Furthermore, notice that adding “battlefield” at the beginning of our passwords cracked thirty-six hashes, however the other rules using the word didn’t crack any.
Using Existing Rule Files
It is worth mentioning that hashcat contains some rule files by default.
These are located in the “rules” folder of your hashcat installation:
ls -l /usr/share/hashcat/rules/
total 2412
-rw-r--r-- 1 root root 284 Dec 4 2015 best64.rule
-rw-r--r-- 1 root root 692 Dec 4 2015 combinator.rule
-rw-r--r-- 1 root root 242503 Dec 4 2015 d3ad0ne.rule
-rw-r--r-- 1 root root 973248 Dec 4 2015 dive.rule
-rw-r--r-- 1 root root 92810 Dec 4 2015 generated.rule
-rw-r--r-- 1 root root 324926 Dec 4 2015 Incisive-leetspeak.rule
-rw-r--r-- 1 root root 42026 Dec 4 2015 InsidePro-HashManager.rule
-rw-r--r-- 1 root root 22963 Dec 4 2015 InsidePro-PasswordsPro.rule
-rw-r--r-- 1 root root 327 Dec 4 2015 leetspeak.rule
-rw-r--r-- 1 root root 37939 Dec 4 2015 Ninja-leetspeak.rule
-rw-r--r-- 1 root root 1536 Dec 4 2015 oscommerce.rule
-rw-r--r-- 1 root root 331161 Dec 4 2015 rockyou-30000.rule
-rw-r--r-- 1 root root 1774 Dec 4 2015 specific.rule
-rw-r--r-- 1 root root 68087 Dec 4 2015 T0XlC-insert_00-99_1950-2050_toprules_0_F.rule
-rw-r--r-- 1 root root 2508 Dec 4 2015 T0XlC-insert_space_and_special_0_F.rule
-rw-r--r-- 1 root root 36039 Dec 4 2015 T0XlC-insert_top_100_passwords_1_G.rule
-rw-r--r-- 1 root root 38904 Dec 4 2015 T0XlC.rule
-rw-r--r-- 1 root root 116633 Dec 4 2015 T0XlCv1.rule
-rw-r--r-- 1 root root 60 Dec 4 2015 toggles1.rule
-rw-r--r-- 1 root root 690 Dec 4 2015 toggles2.rule
-rw-r--r-- 1 root root 4330 Dec 4 2015 toggles3.rule
-rw-r--r-- 1 root root 17980 Dec 4 2015 toggles4.rule
-rw-r--r-- 1 root root 54016 Dec 4 2015 toggles5.rule
If you want to view the rules contained in each file, the format is the same as what was covered in this article.
As previously mentioned, only the commonly used rule functions were covered in this tutorial.
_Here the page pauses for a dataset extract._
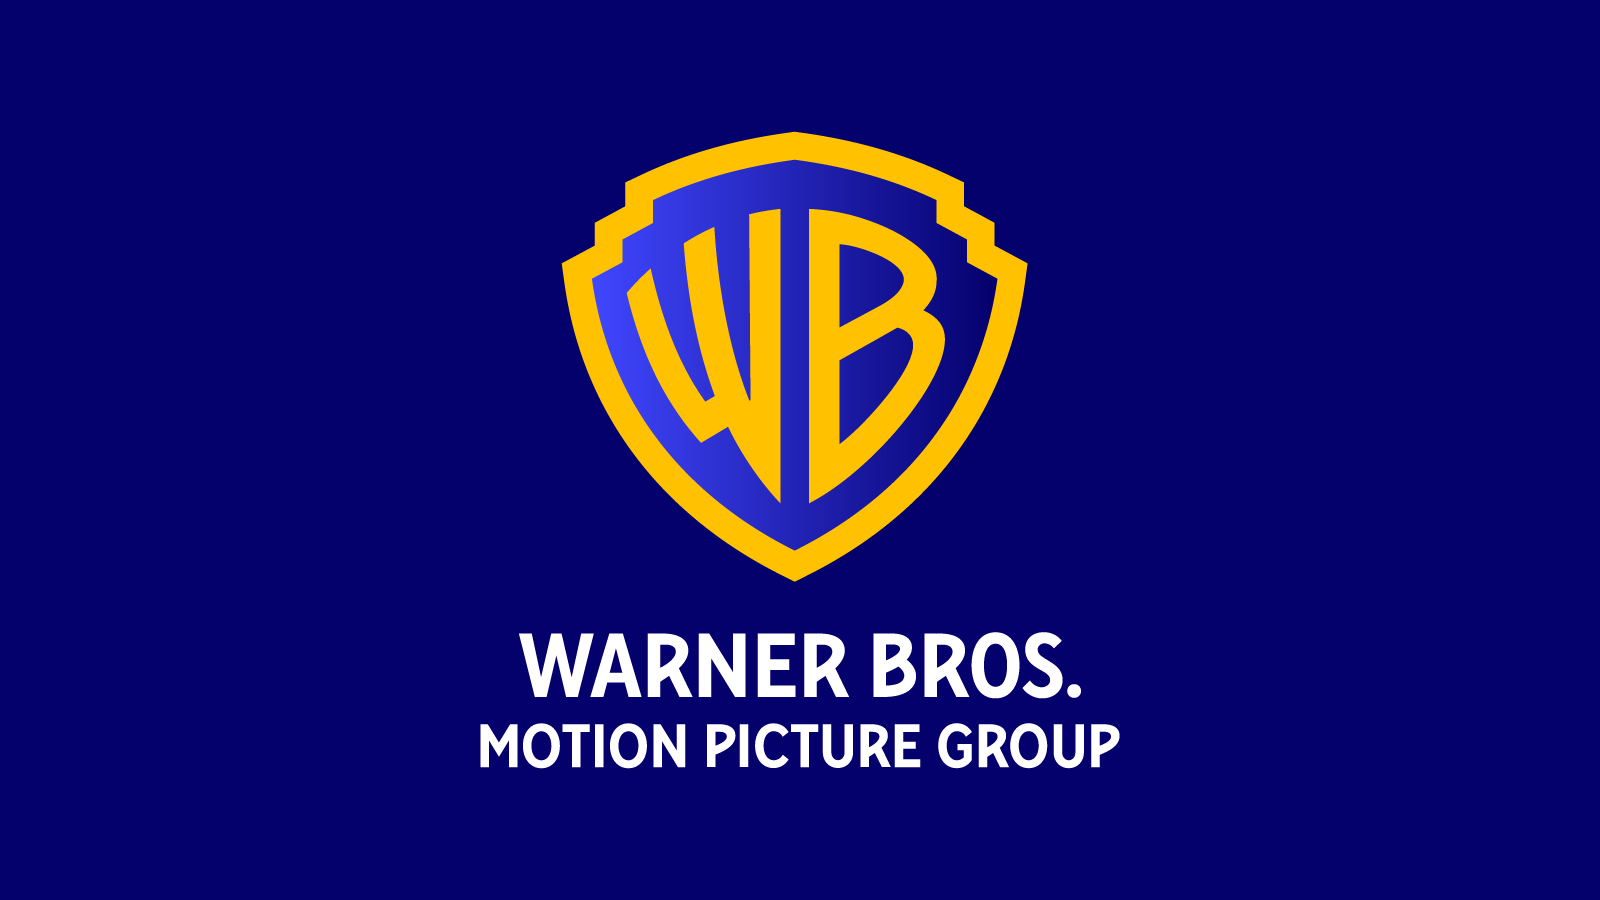 Warner Bros. Motion Picture Group And Tom Cruise To Jointly Develop And  Produce Original And Franchise Theatrical Films Starring Cruise Beginning  In 2024 Under Newly Formed Strategic Partnership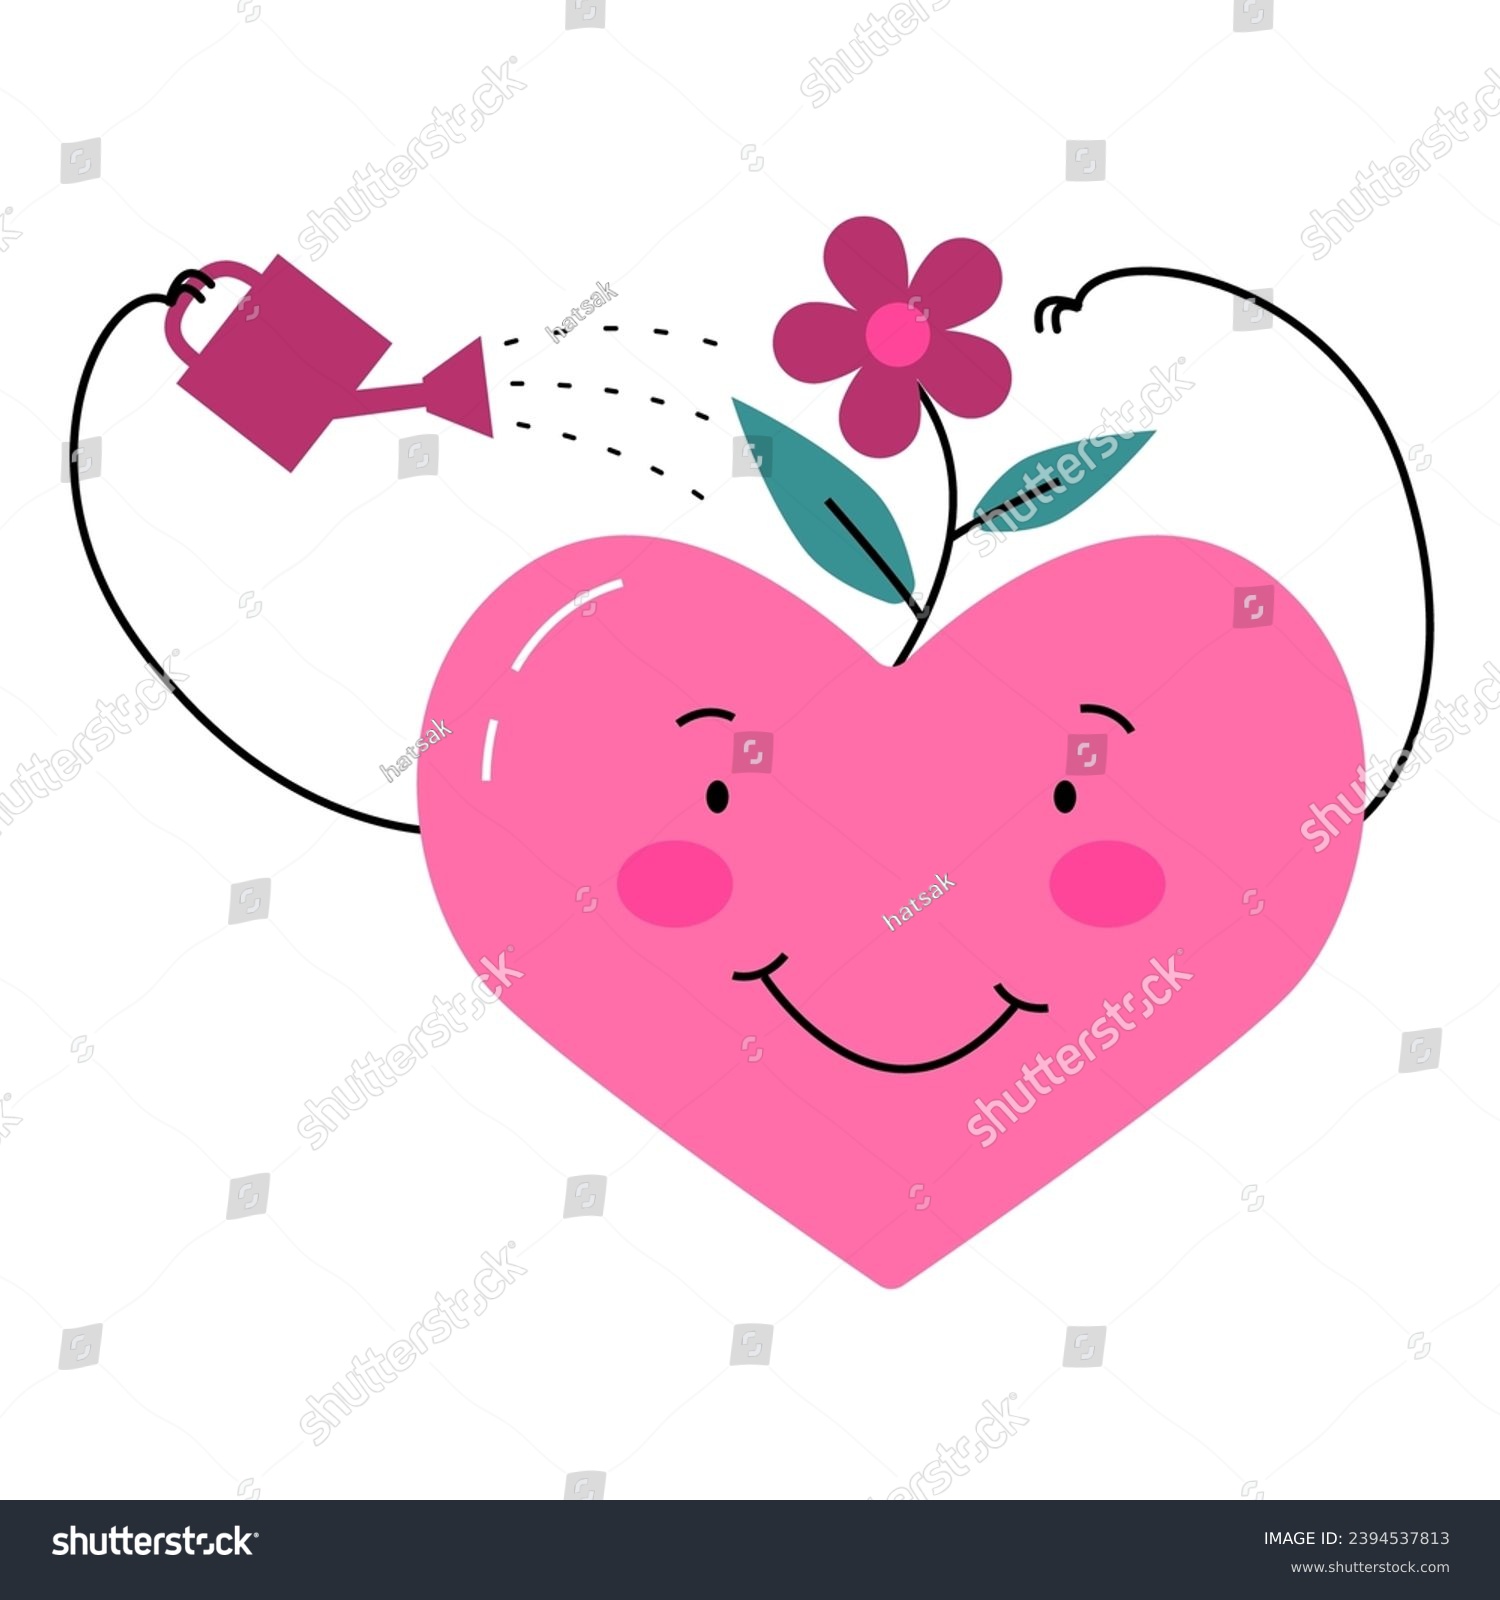 SVG of Heart with flower. Watering a flower from a watering can. Spotlight on self-care and the benefits effective self-care can bring to both individuals and healthcare systems. Mental health concept svg

To view a full list of available rule functions, you can do so on the hashcat website here.
Summary
In this guide, we created and used our own custom rules in hashcat to perform a rule-based attack. We started by covering what rule-based attacks are and why they are used. We then proceeded to create our own rules and use the rockyou dictionary to crack MD5 hashes from the Battlefield Heroes leak in 2013.